As a long-time Debian user with an interest in the Pinephone, this is a really compelling distro.

MauiKit apps are some of the best under Plasma Mobile. As they build out more apps, the mobile Linux ecosystem matures.

Very cool.


My at this point useless vote goes to Nixos :slight_smile:


# Reproducible builds and deployments.

Nix is a tool that takes a unique approach to 
package management and system configuration.
Learn how to make reproducible, 
declarative and reliable systems.

I read DistroWatch (https://distrowatch.com/) regularly which has to be one of the best sources of information on this topic. I like to spin up new OSes as virtual machines and try them out.

Currently I like Arch derivatives. I was really surprised by Manjaro (not obscure, fine, whatever) and Garuda:

I am also intrigued by EndeavourOS and MX Linux, which have been very popular on DistroWatch for a while.

Ultimately it’s hard to recommend these as permanent destinations though.


some cool non linux distros may be of interest also:

PLAN9 (inferno)



Dyson (not the vacuum)


MX Linux is actually awesome.
I would say that it is actually one of the best Debian based distros out there.
You could definitely use it as a daily driver because it’s really user friendly,
for a Debian based distro.
The people over at Meppis do a really great job for many years already.

other cool option to get your head around:

  • Slackware.
  • Gentoo
  • Open Suse.

I think separating what you like about a Desktop Environment (DE) from a particular distributor like Arch or Debian can be helpful. If you are dead set on a specific DE, you can more easily see what is different that has nothing to do with the DE, as well as different defaults other DE’s are using. Conversely if you have no intention of leaving a particular way of doing things, but want to explore desktop options, you can try several DE’s in the same ecosystem.

Starting out can be hard because it’s difficult to figure out what is or isn’t part of the DE vs the distro, and certain default desktop setups can be wildly different while using the same DE to the point that a casual observer would think it’s a different DE. Randomly hopping from Manjaro KDE to Fedora Gnome to Debian XFCE is going to likely leave a person with more questions than answers. That may ultimately be a good thing, but not when you are ready to relax and just use your computer without dealing with a bunch of variables. Most people will dual boot and just end up back on Windows full time.
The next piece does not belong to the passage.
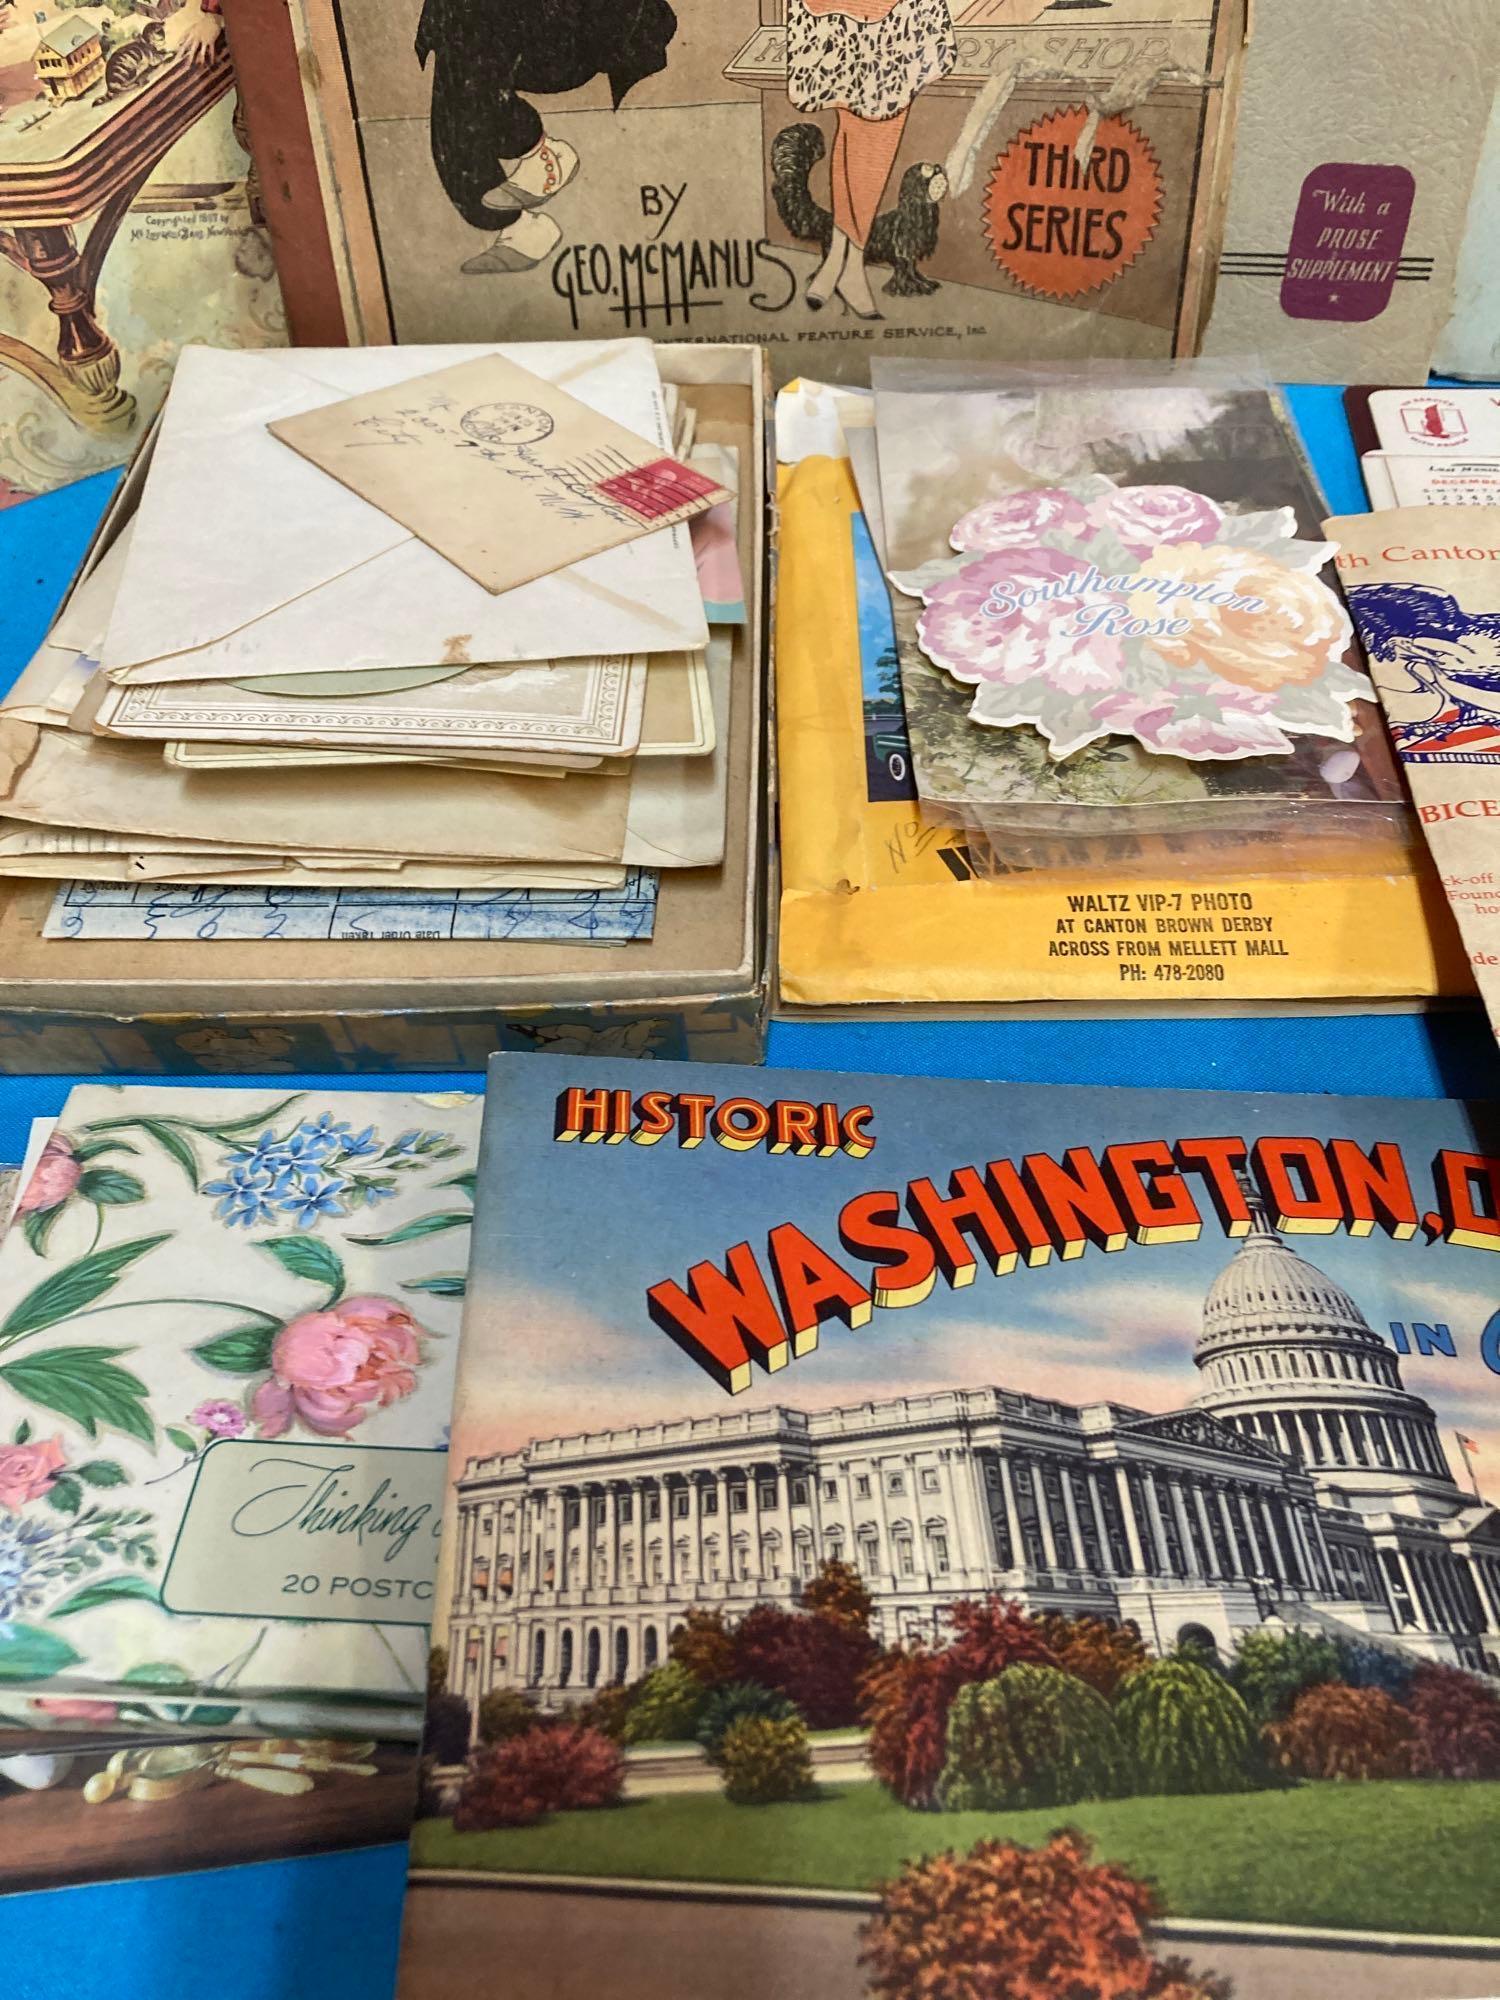 Ephemera old letters, postcards, books, and more

All of that can be applied to obscure distros. Picking ones spun off of the same base, or picking ones from different bases with the same DE can help you get a foothold and avoid getting lost as easily. I personally like LXDE/LXQt and more recently playing with KDE (which LXQt heavily relies on). I liked the easy, if somewhat scattered, ability to tweak the desktop when I played around on the original Pi. Eventually I found LXLE and used that for a few years. They haven’t had a release in a while, but are working on a new one. They are heavily focusing on extending the life of old hardware and using older kernels for maturity, at the cost of being less desirable for newer hardware.

I should try building another Ubuntu LXQt from scratch like I did for the 16.04 release. It was like building Arch LXQt without doing things “The Arch Way”. I’m really not a fan of the update auto-nagger they added to Ubuntu, and if you are careful you can omit it from a new DIY build. It’s substantially easier to build than being dumped in Arch with outdated installation info and spending hundreds of hours learning non-transferable skills. I’ve built over a dozen Arch VM’s that worked great, yet I still have never been able to make vanilla Arch boot on bare metal. Luckily there are great non-vanilla Arch distos to lower the bar to entry for bare metal installs.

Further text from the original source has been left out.